22 The second difficulty for the claimant is the absence of any evidence indicative of an unreasonable system of inspection and maintenance and/or the breakdown of a reasonable such system. It is clear that the content of the relevant duty includes the taking of reasonable steps to inspect and repair (Ghantous at 577[150], 579-81[158]-[162]). The claimant could have garnered information about the opponent's system through the processes of discovery, interrogatories or subpoena. The barest of evidence could have been most potent in a trial like this where the defendant chose not to go into evidence. Of course, had the claimant led any such evidence, the defendant itself might have taken a different stance at trial.
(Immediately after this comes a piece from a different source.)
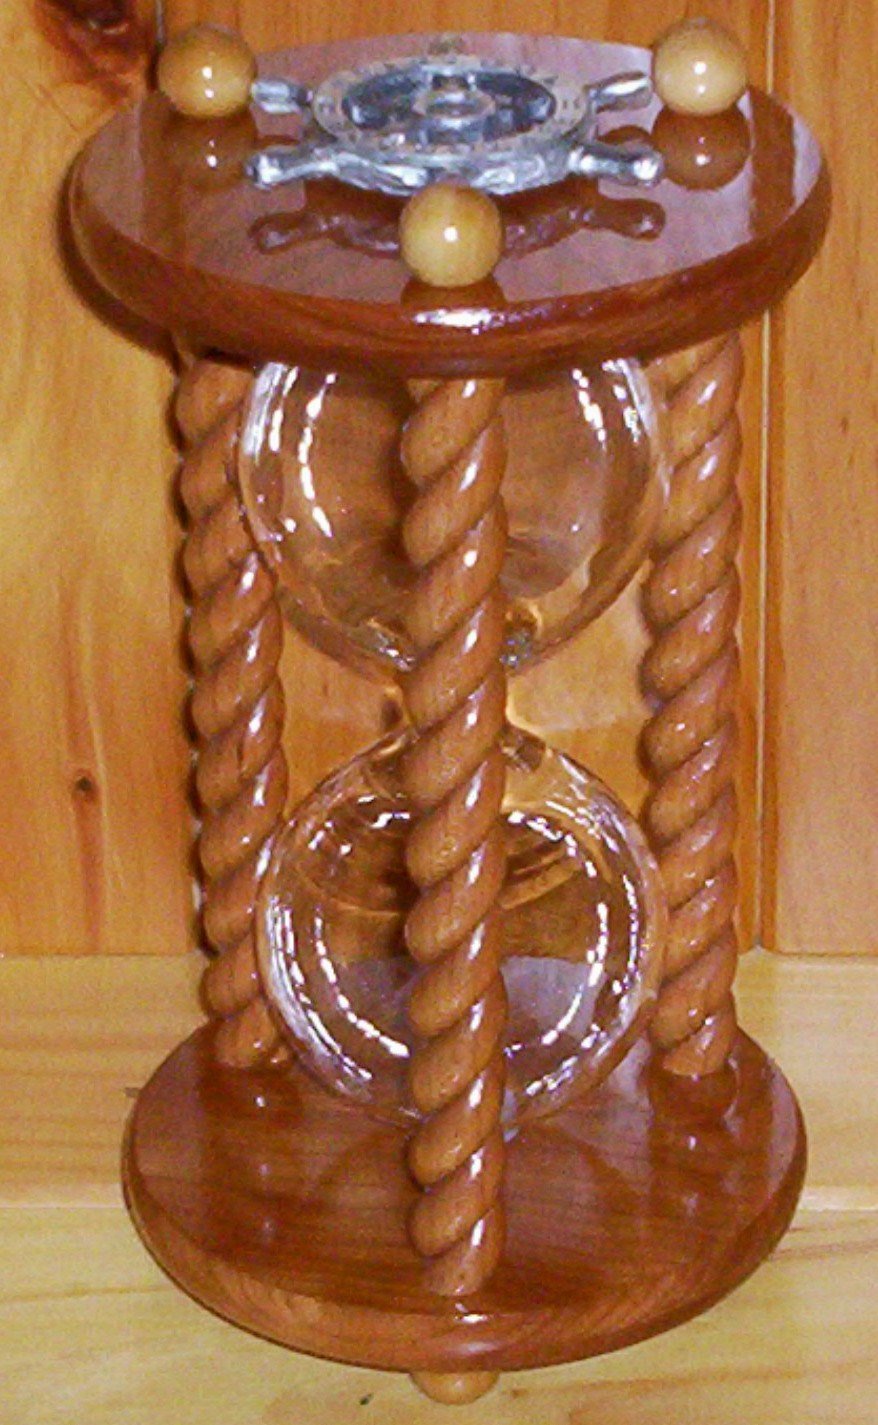 Heirloom Hourglass Unity Sand Ceremony Hourglass The Hearthside Cherry Wedding Unity Sand Ceremony Hourglass
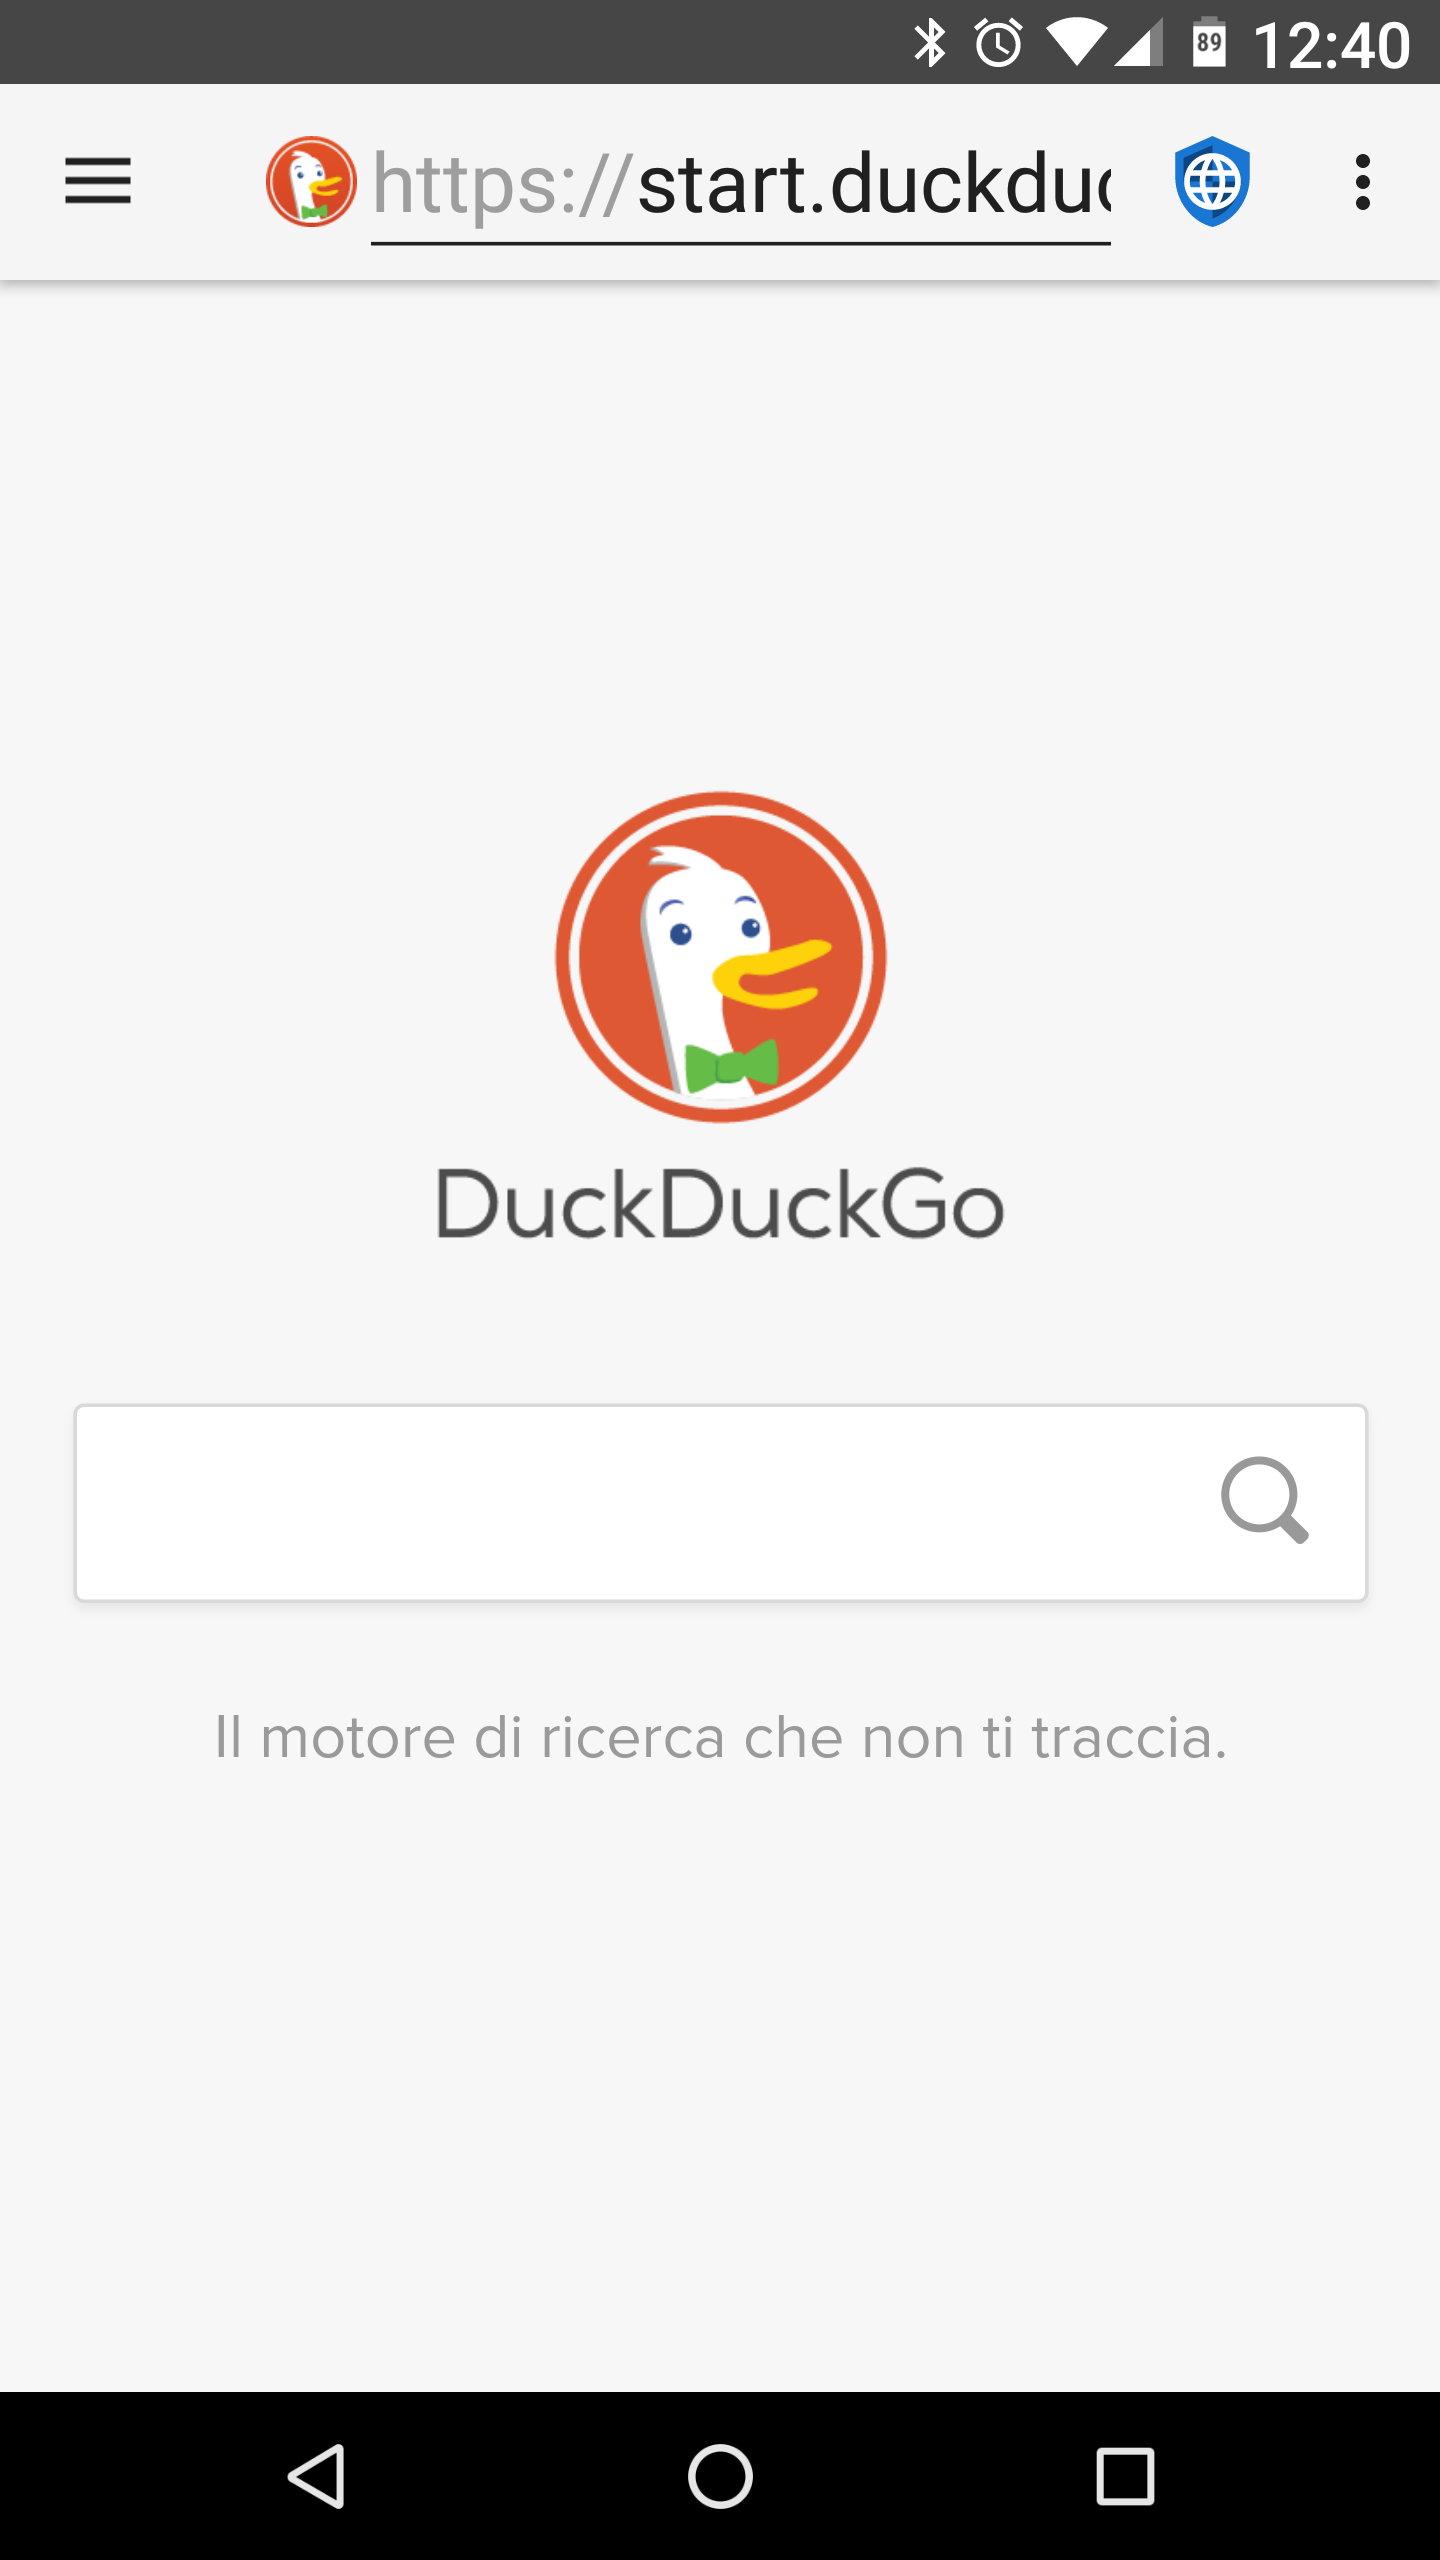 fastlane/metadata/android/it-IT/images/phoneScreenshots/01-DuckDuckGo.png

23 This difficulty feeds into a further problem for the claimant, one of causation. To succeed, he must establish the probability that lack of a reasonable maintenance regime caused the injury. If the damage occurred shortly before the claimant's fall then the claimant would fail unless he could show that a reasonable inspection system would probably have detected and rectified the damage before the particular accident occurred. Each case must be decided on its own facts, but there is helpful discussion of the principles involved, including affirmation that the burden of proof lies upon the plaintiff in Brady v Girvan Bros Pty Ltd (t/a Minto Mall) (1986) 7 NSWLR 241 and Kocis v S E Dickens Pty Ltd [1998] 3 VR 408.
24 Here there was simply an absence of evidence upon which to infer that the accident was probably caused by some unreasonably deficient system of inspection and maintenance or the breakdown of a reasonable system.
25 Judge Certoma was not persuaded that the claimant had established unreasonableness on the opponent's part as regards any failure to inspect or ascertain the damage to the pit cover which caused the accident. I am unpersuaded that his Honour erred in this conclusion.
26 Accordingly I would refuse leave to appeal and dismiss the summons with costs.
27 SHELLER JA: I agree with Mason P.
28 BEAZLEY JA: I agree with Mason P.